THE PROBLEM -
Repeat the records below exactly from the line containing "DIY Kit Ugly" to the line containing "Дамски обувки Оригинални", taking in both of those lines. Drop the pictures.

THE DATA -
◆ ◆ ◆ ◆ ◆

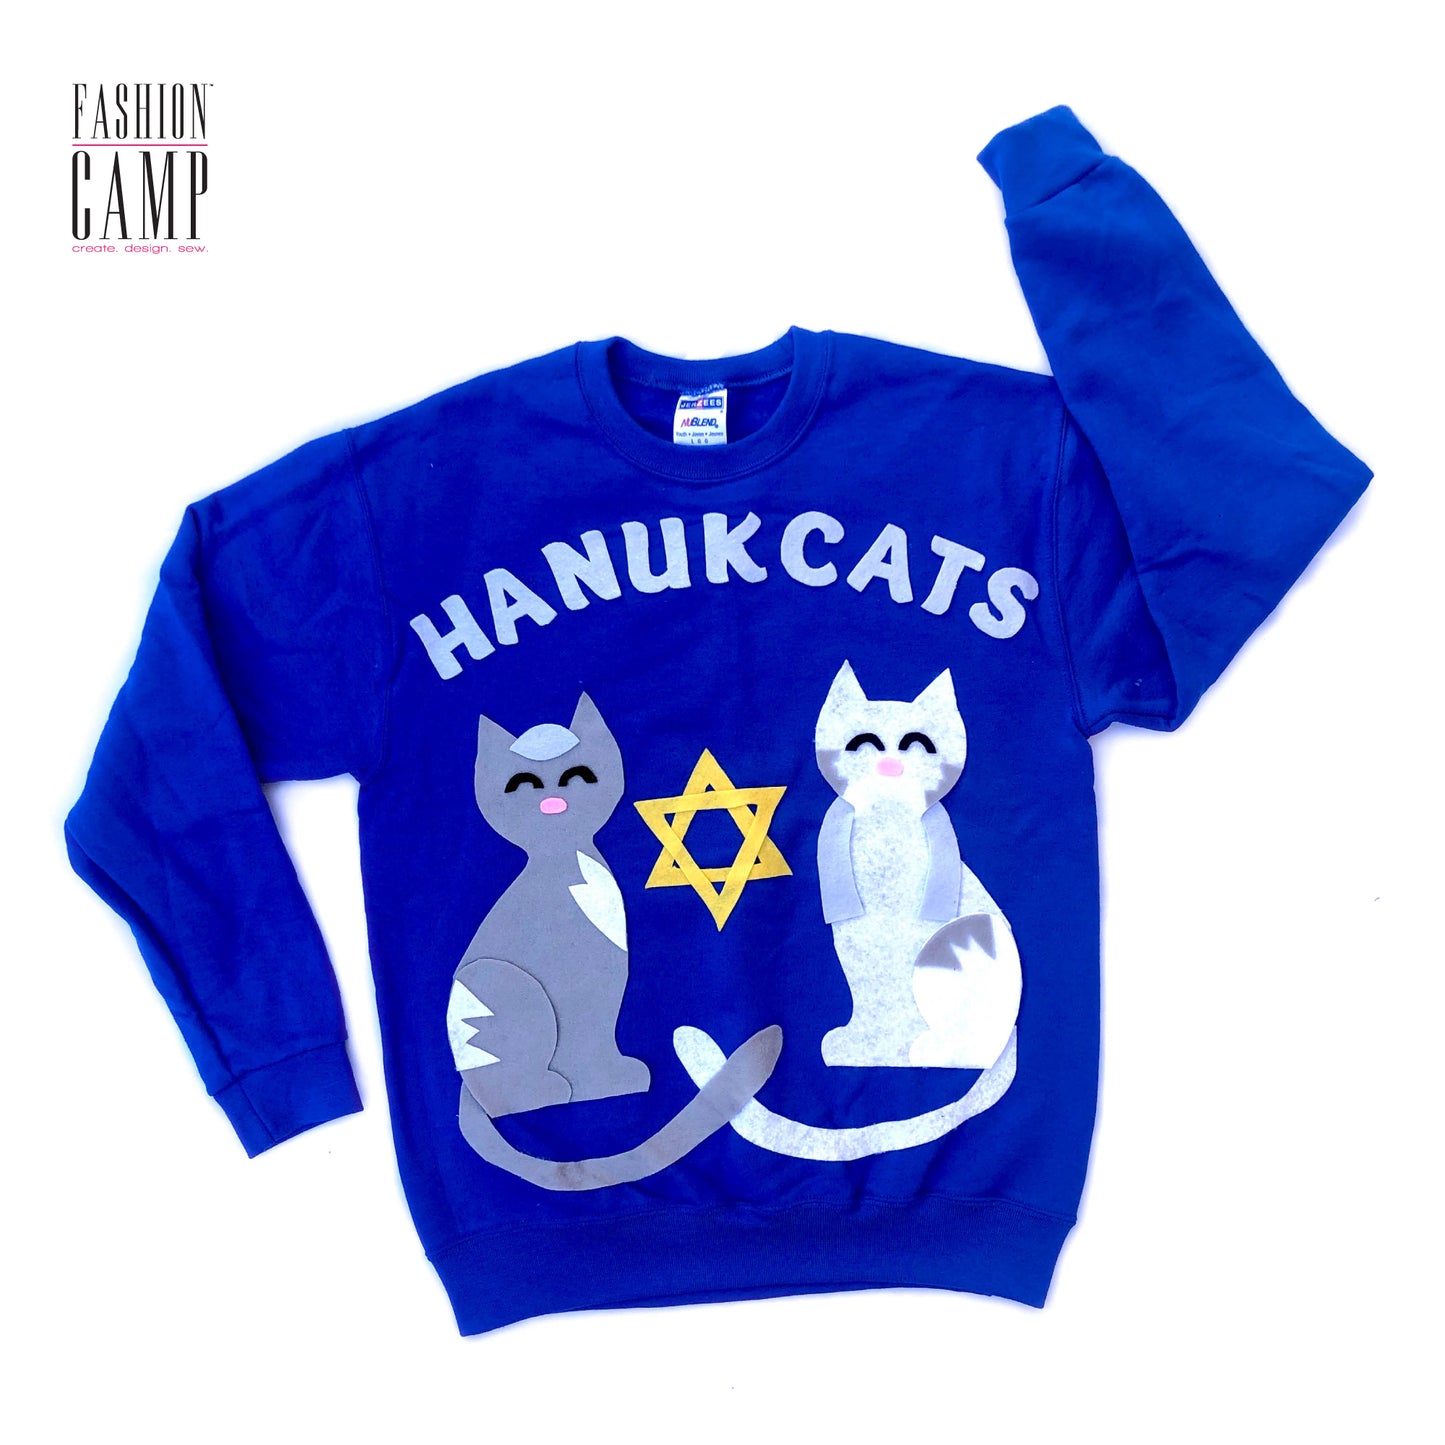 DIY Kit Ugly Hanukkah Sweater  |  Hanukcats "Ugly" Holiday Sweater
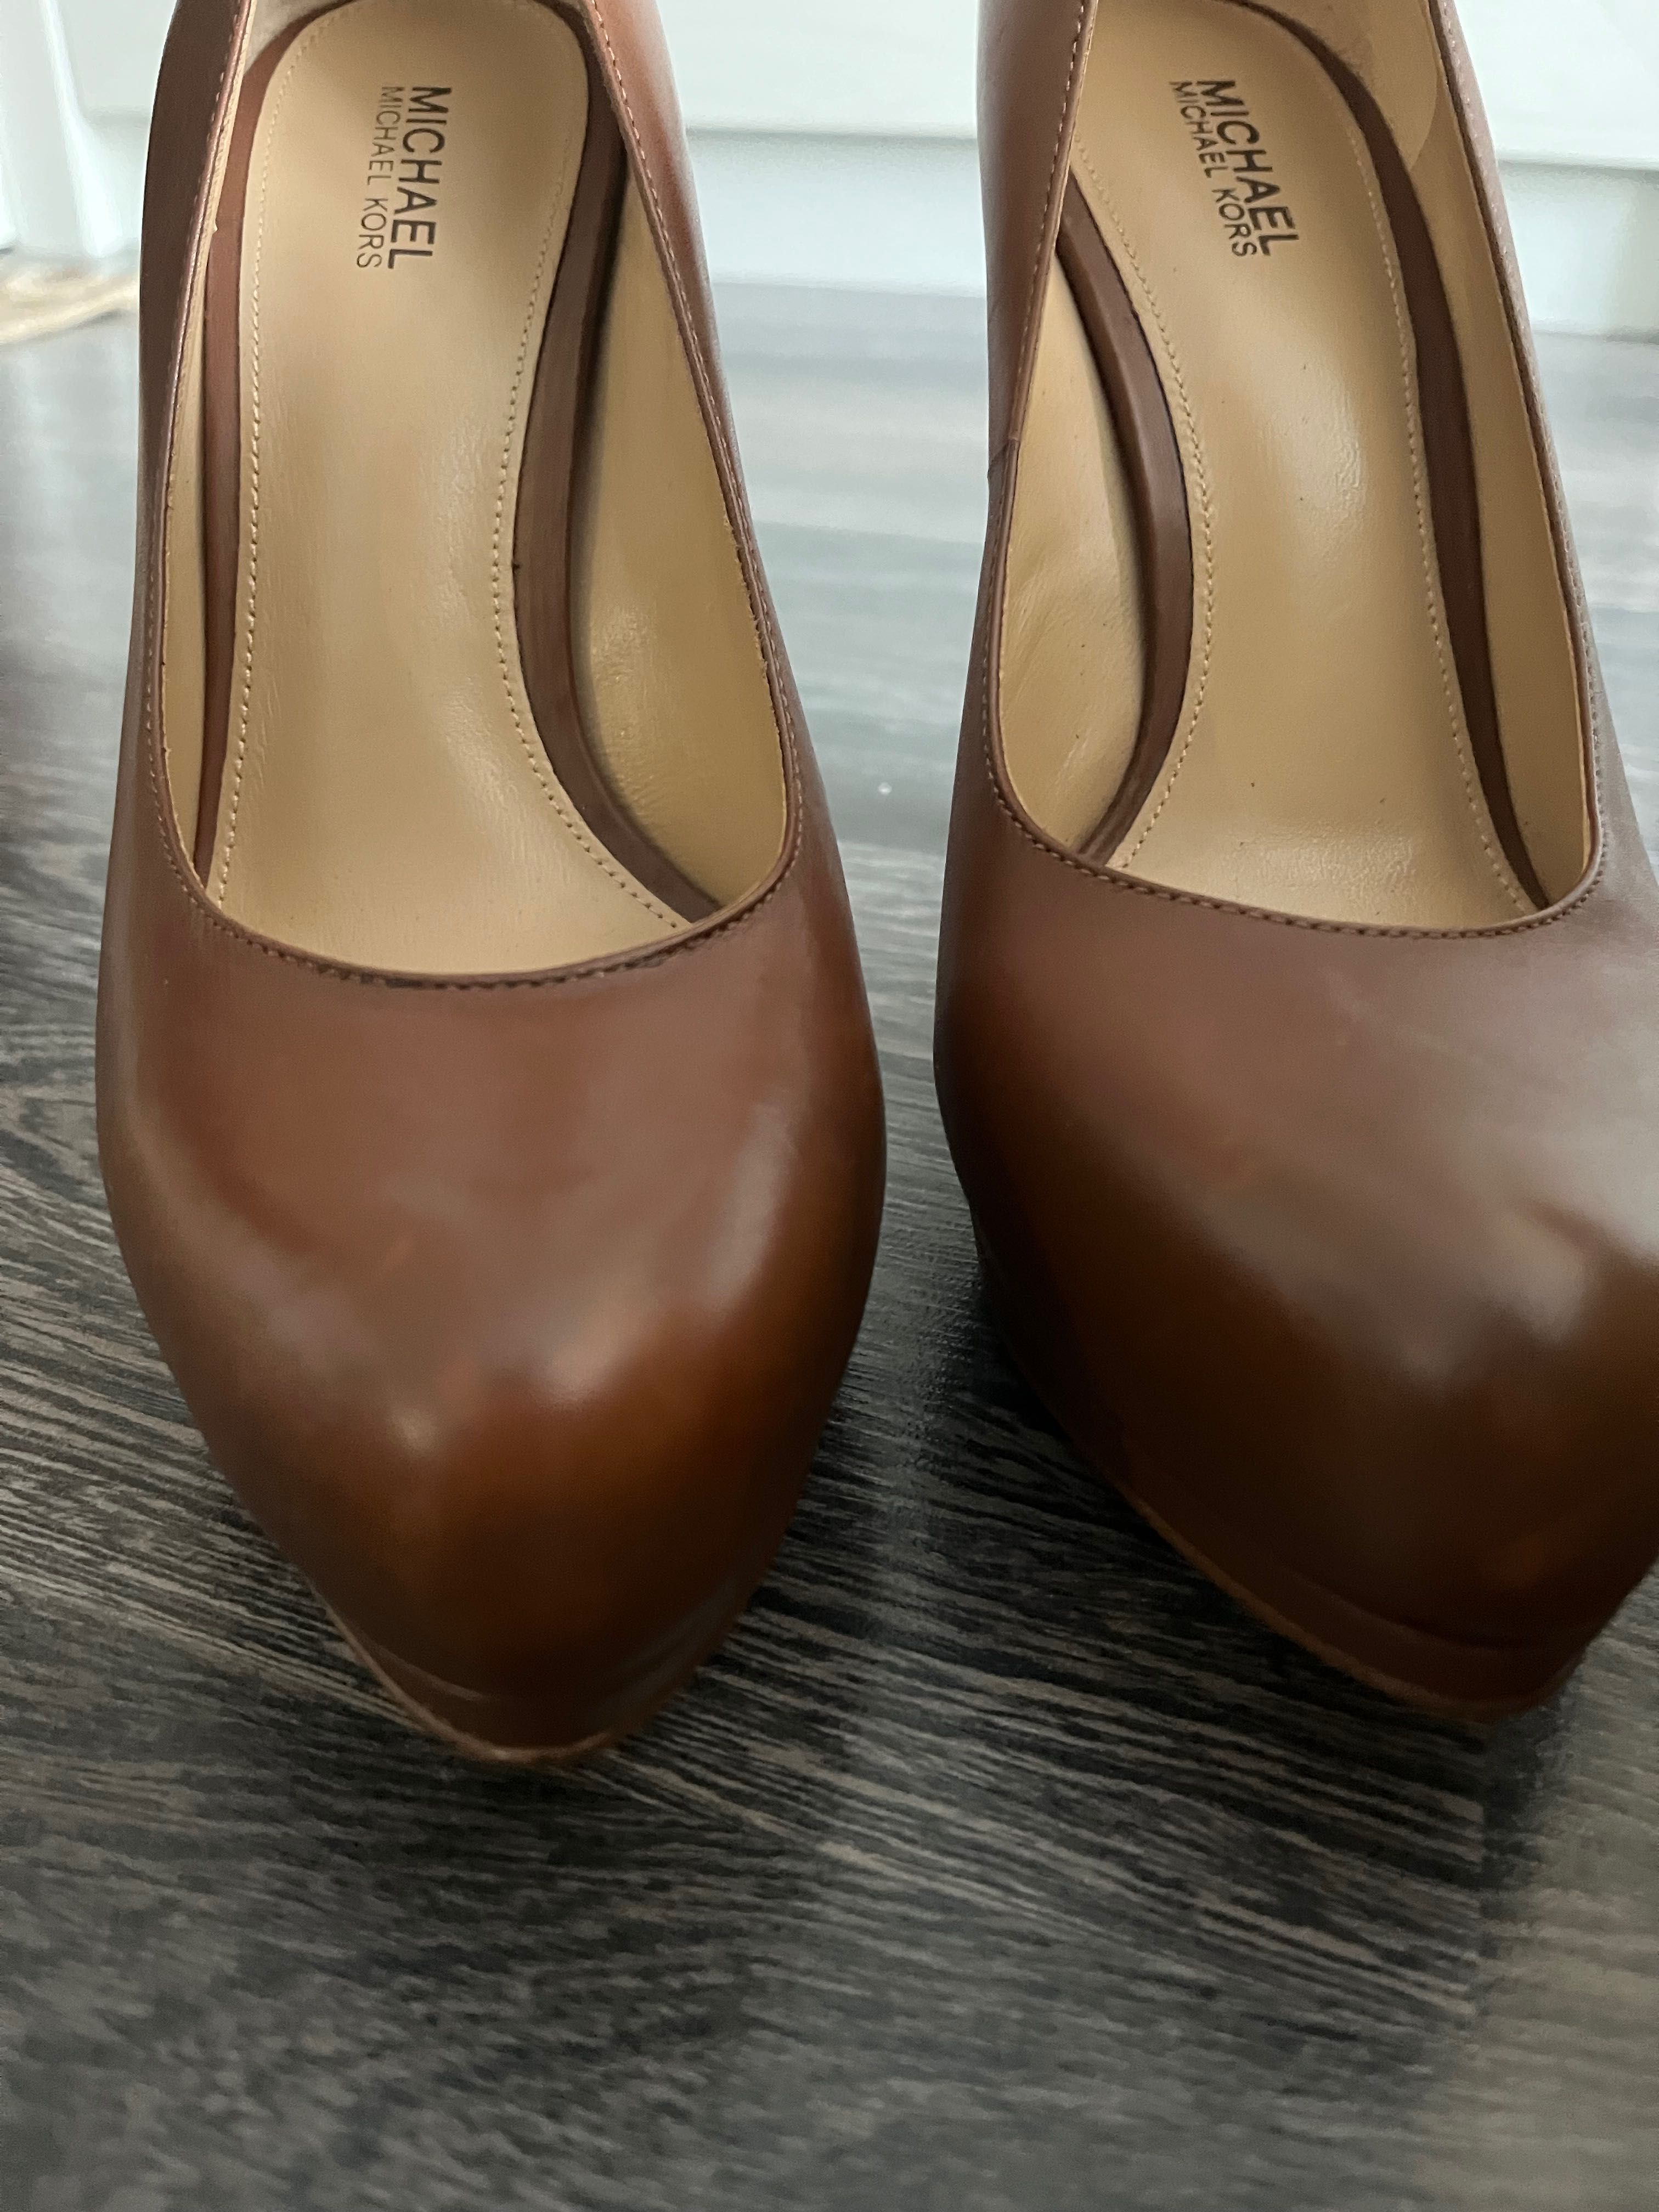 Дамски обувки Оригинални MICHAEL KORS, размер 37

◆ ◆ ◆ ◆ ◆

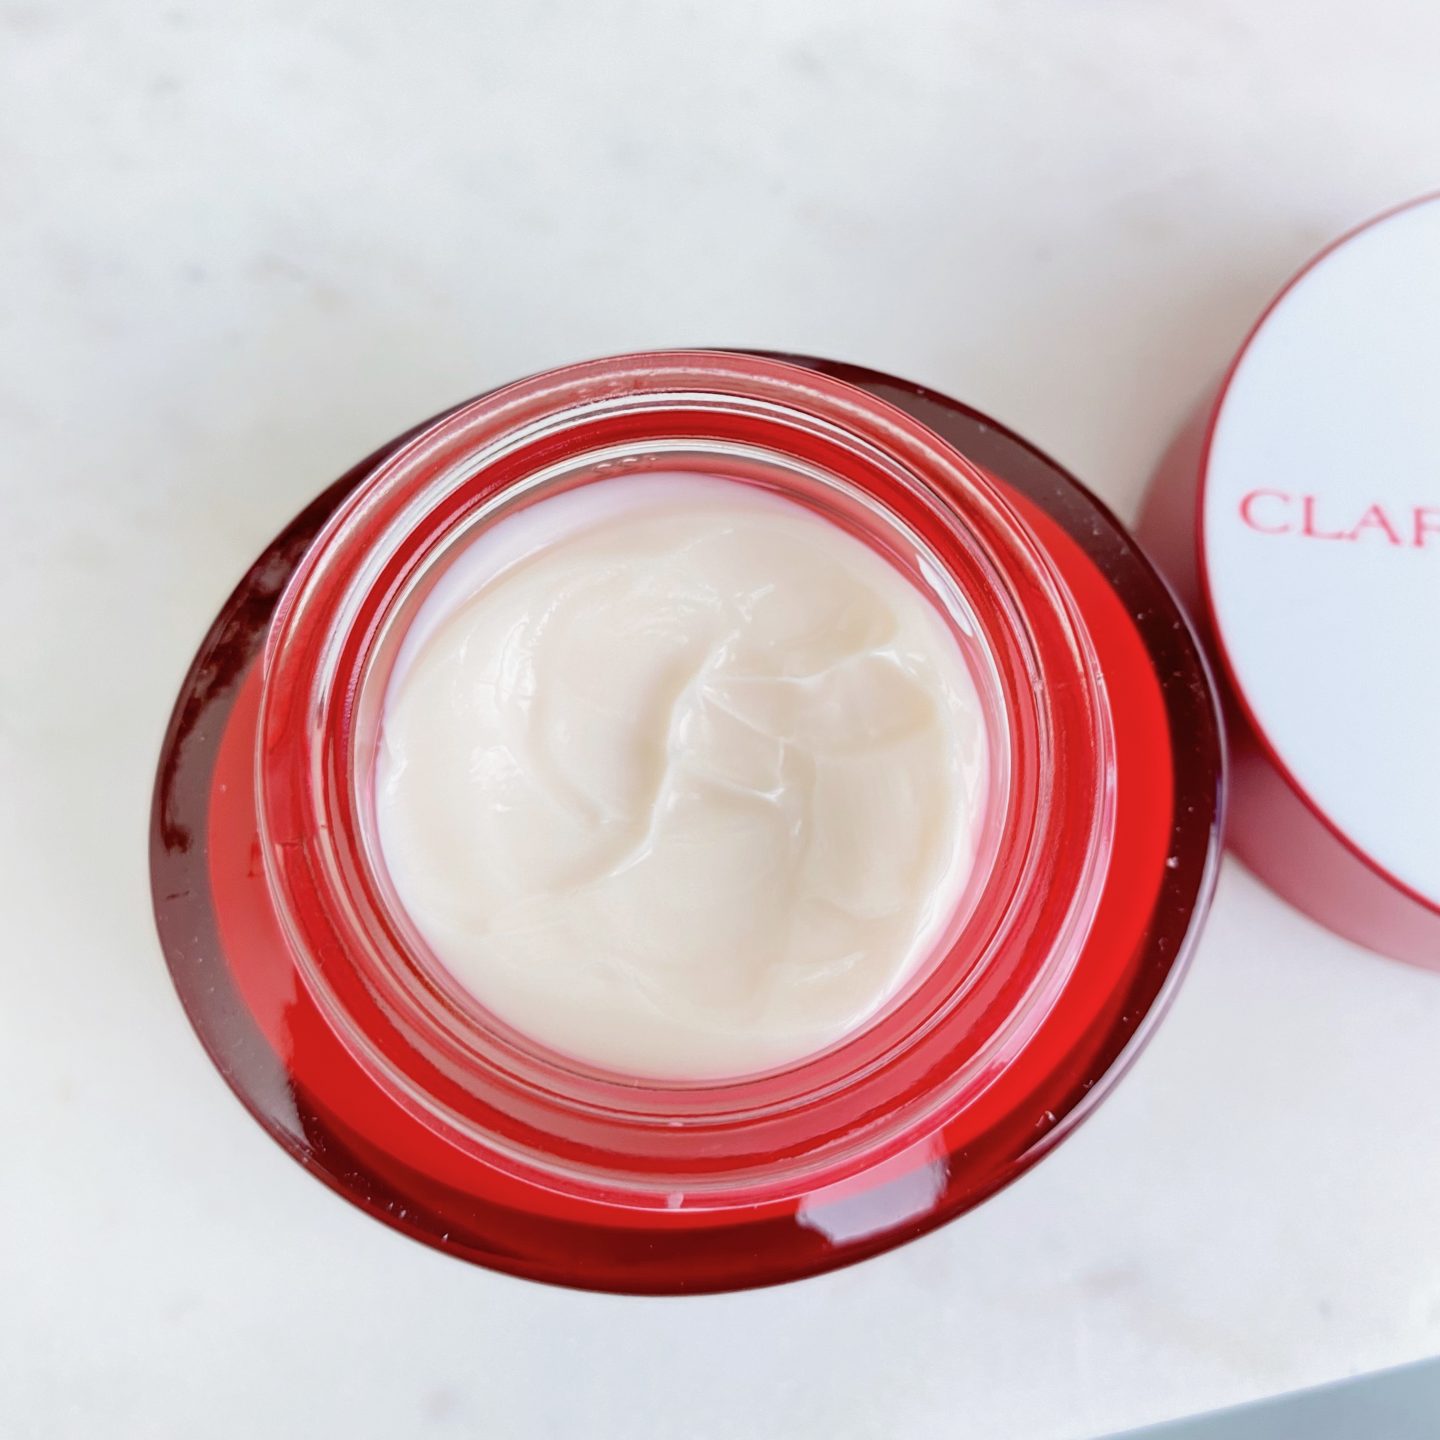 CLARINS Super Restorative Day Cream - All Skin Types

◆ ◆ ◆ ◆ ◆

ANSWER TO THIS PROBLEM -
 DIY Kit Ugly Hanukkah Sweater  |  Hanukcats "Ugly" Holiday Sweater
 Дамски обувки Оригинални MICHAEL KORS, размер 37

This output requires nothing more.